Very often we need to create visuals to help us to better understand the data. This process of turning data into pictures or graphs that are easy to understand is known as data visualisation.
The use of data visualisation is very important because it simplifies complex information, highlights trends (for example we can if our grades are improving with time), and it is also more attractive, interactive, and colourful visuals are more attractive than plain numbers and text.
Let’s now take a look into how we can create data visualisations for numerical data. As we discussed before, numerical data represents the count or measure of something using numbers. Numerical data can be broken down into two additional categories of data: discrete and continuous.
Discrete data values
Discrete values are when the numerical data can only be in whole numbers, as there is only a certain number of values. Think about your school, a discrete data value would be the number of students in your class. You can count 20, 21,22 students but you will never have 20.5 students.

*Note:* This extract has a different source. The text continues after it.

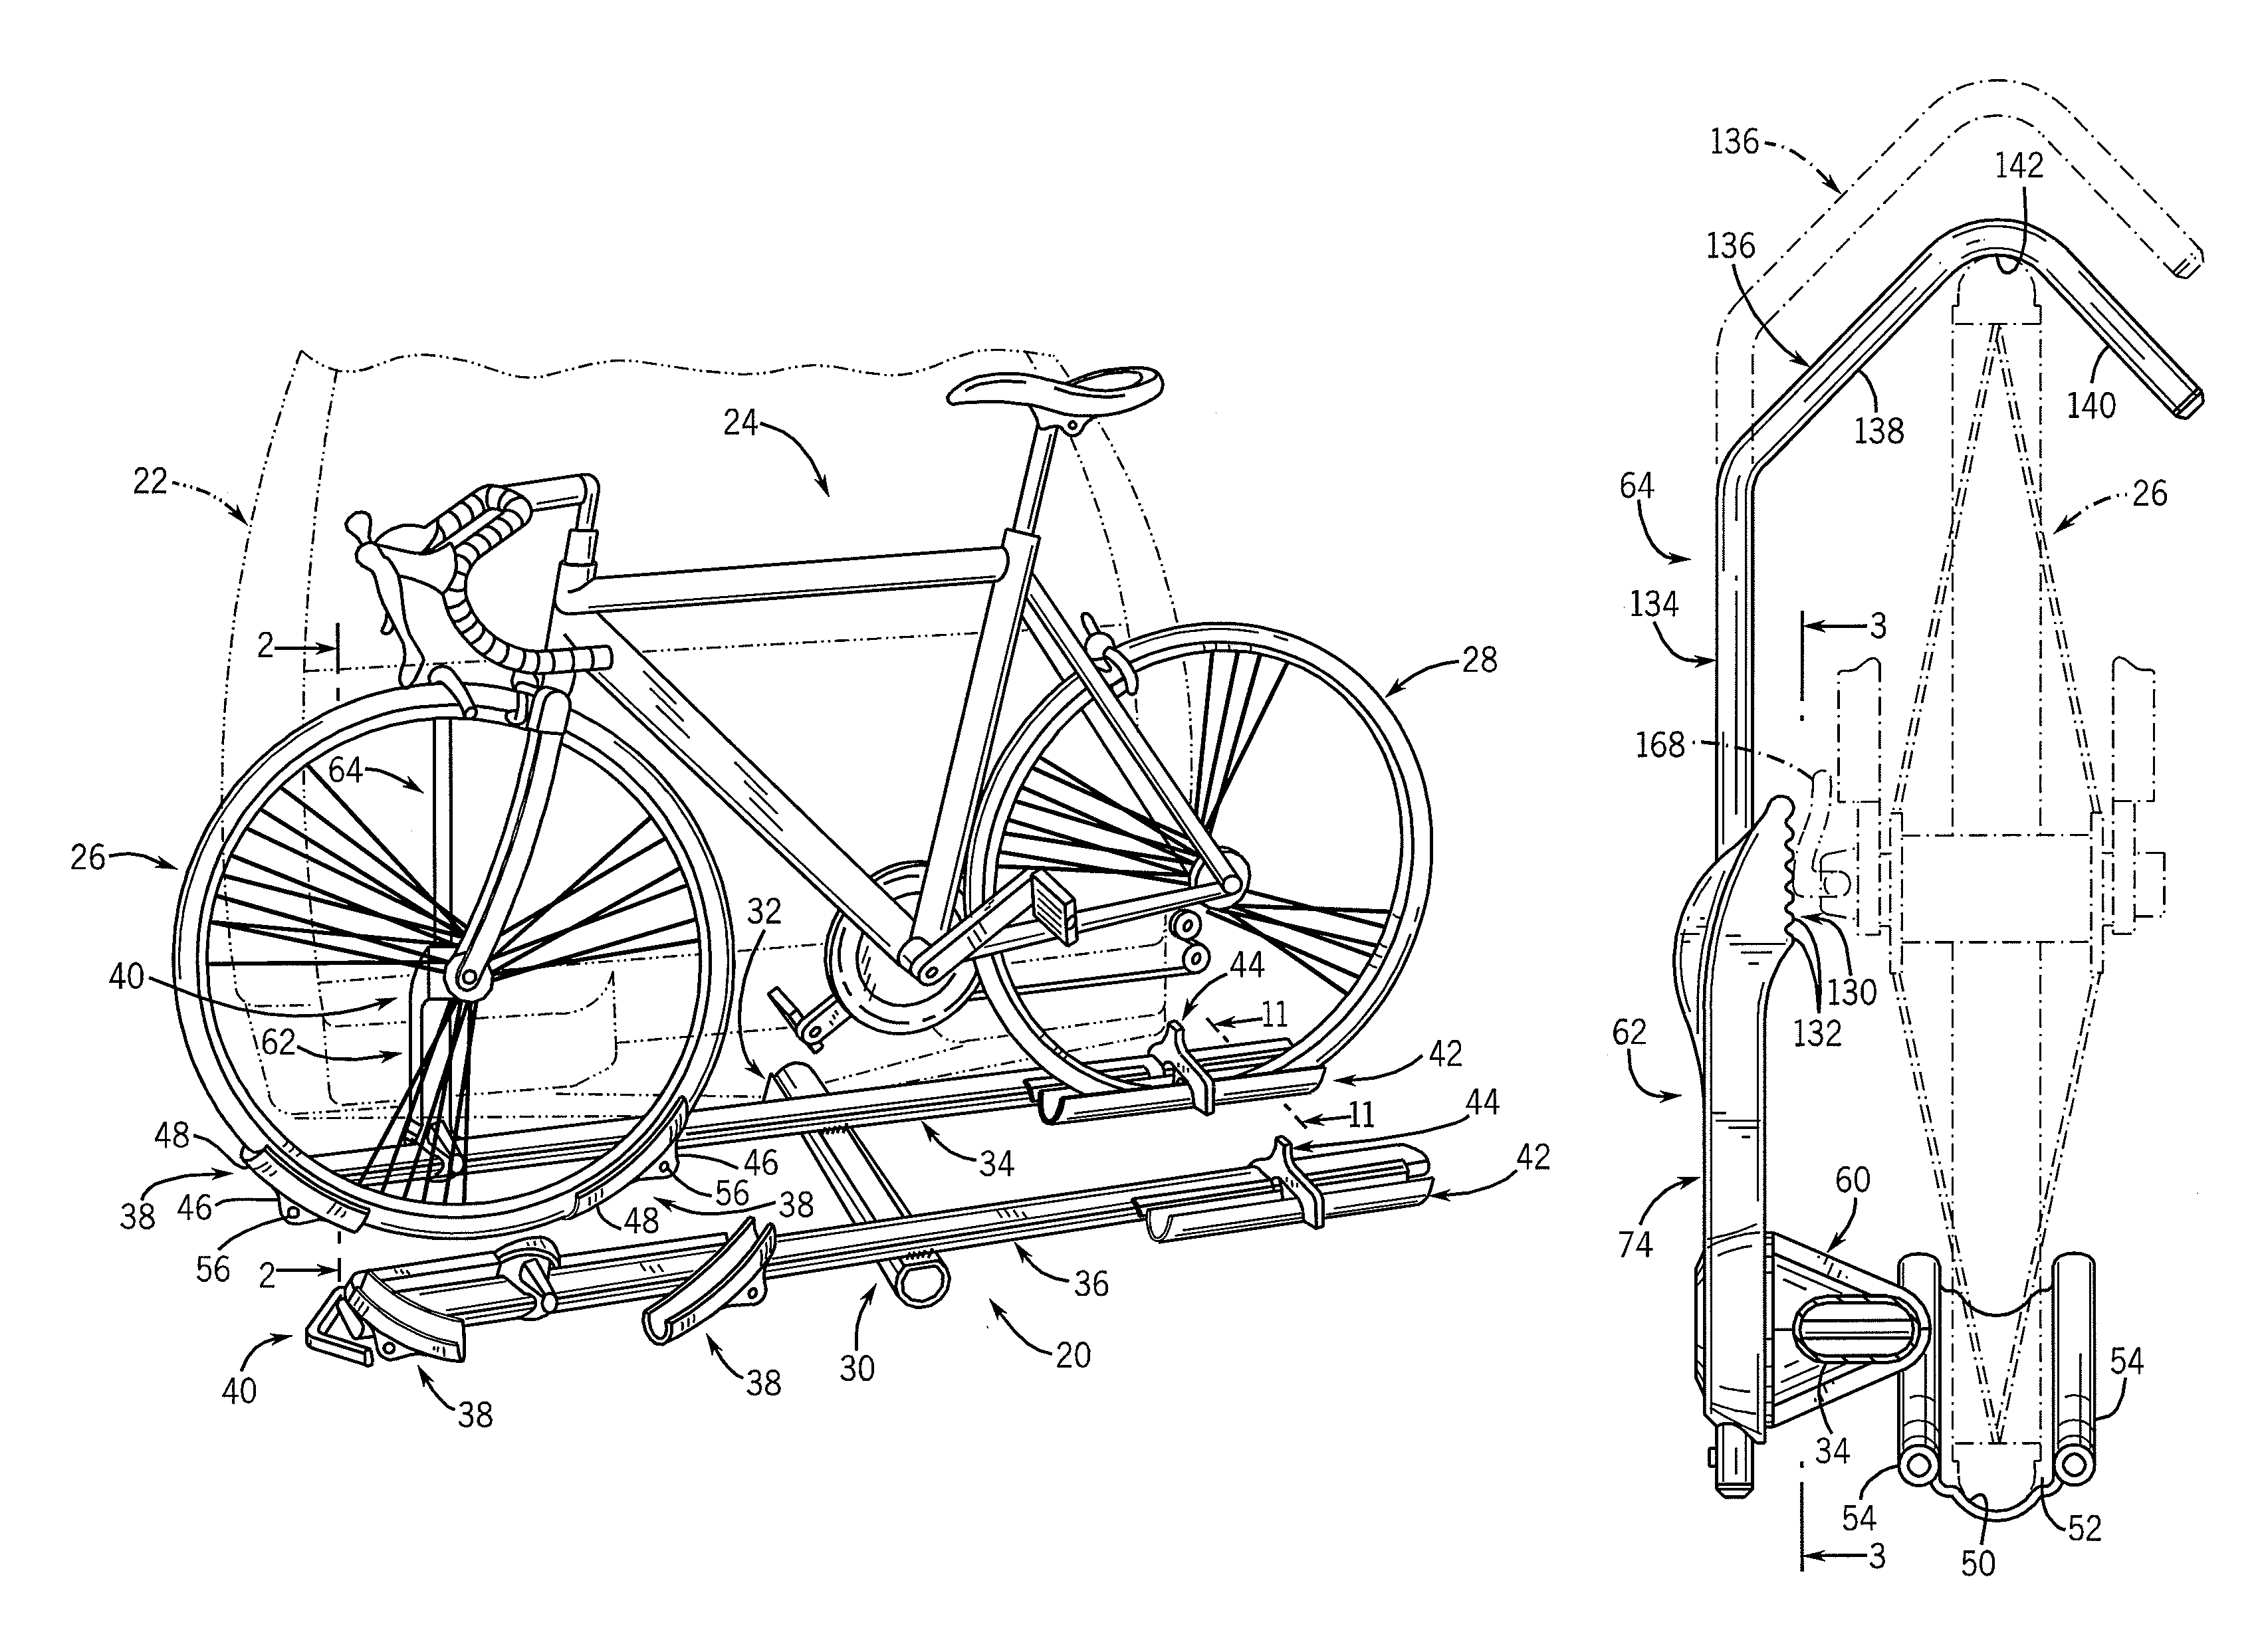 Pivoting support arrangement for maintaining a bicycle wheel in an upright position
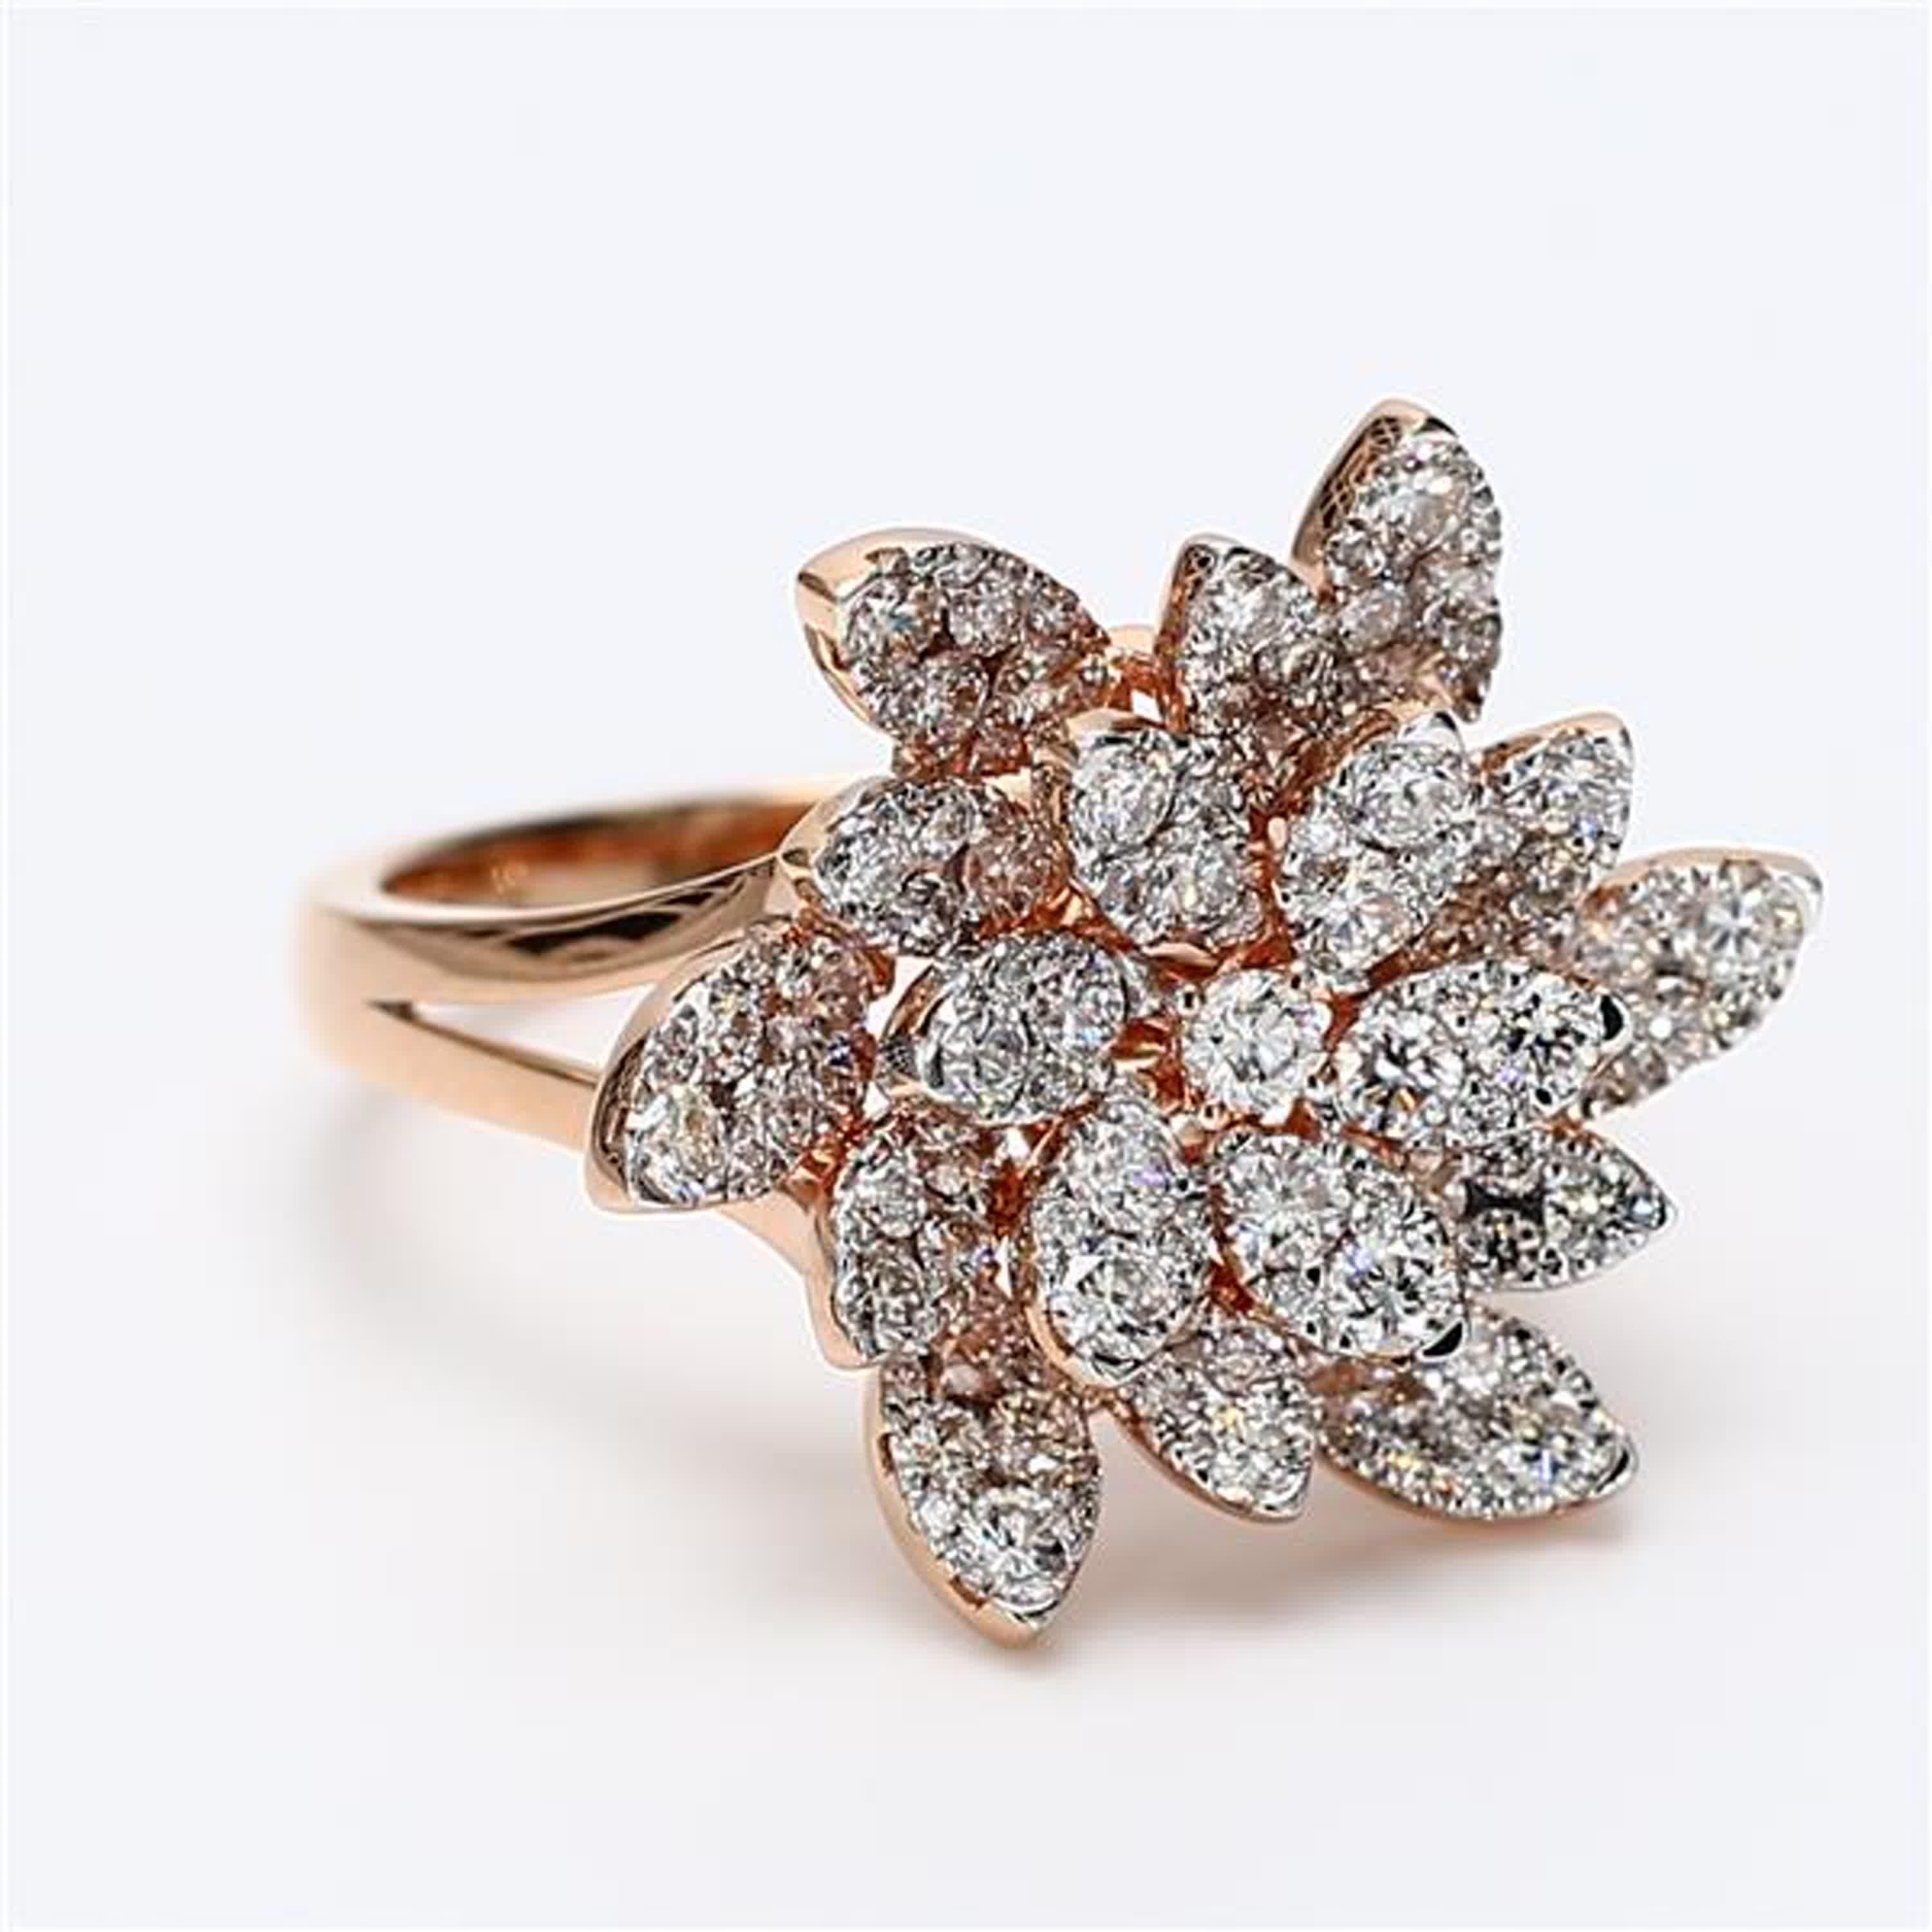 Natural White Round Diamond 1.36 Carat TW Rose Gold Cocktail Ring For Sale 1

A good way to represent discrete data is through the use of bar charts or pie charts. Imagine you are analysing your classmates’ preferences for different school subjects (for example English, Mathematics, Sciences and PE). You could use a pie chart to show the proportion of each preference (Figure 4 -A), or bar chart to show the number of students who prefer each type (Figure 4 -B).

Continuous data values
Continuous numerical data values will fall anywhere within a range of measurements. With a vast number of options, continuous data values can be slightly different to each other. For example, continuous data could be something like the weather, it can be 23°, 23.5° or 23.57° and so on. In addition, continuous data may change over time, while the weather was 23° today, it may be 27.85° tomorrow.
A good way to represent continuous data that change over time is through the use of line graphs. For example, you could use a line graph to show how your height has increased every year since you were born. The x-axis (horizontal line) might show the years, and the y-axis (vertical line) would show your height in centimetres. As you grow, you draw a dot for each year and connect the dots to make a line (Figure 5 – A). This same data can also be visualised through a column chart, where the x-axis (horizontal line) could also show the height of each bar would be the measurement of your height (Figure 5 – B).

On the next chapter is Creating a column chart, where you will be able to create your own data visual!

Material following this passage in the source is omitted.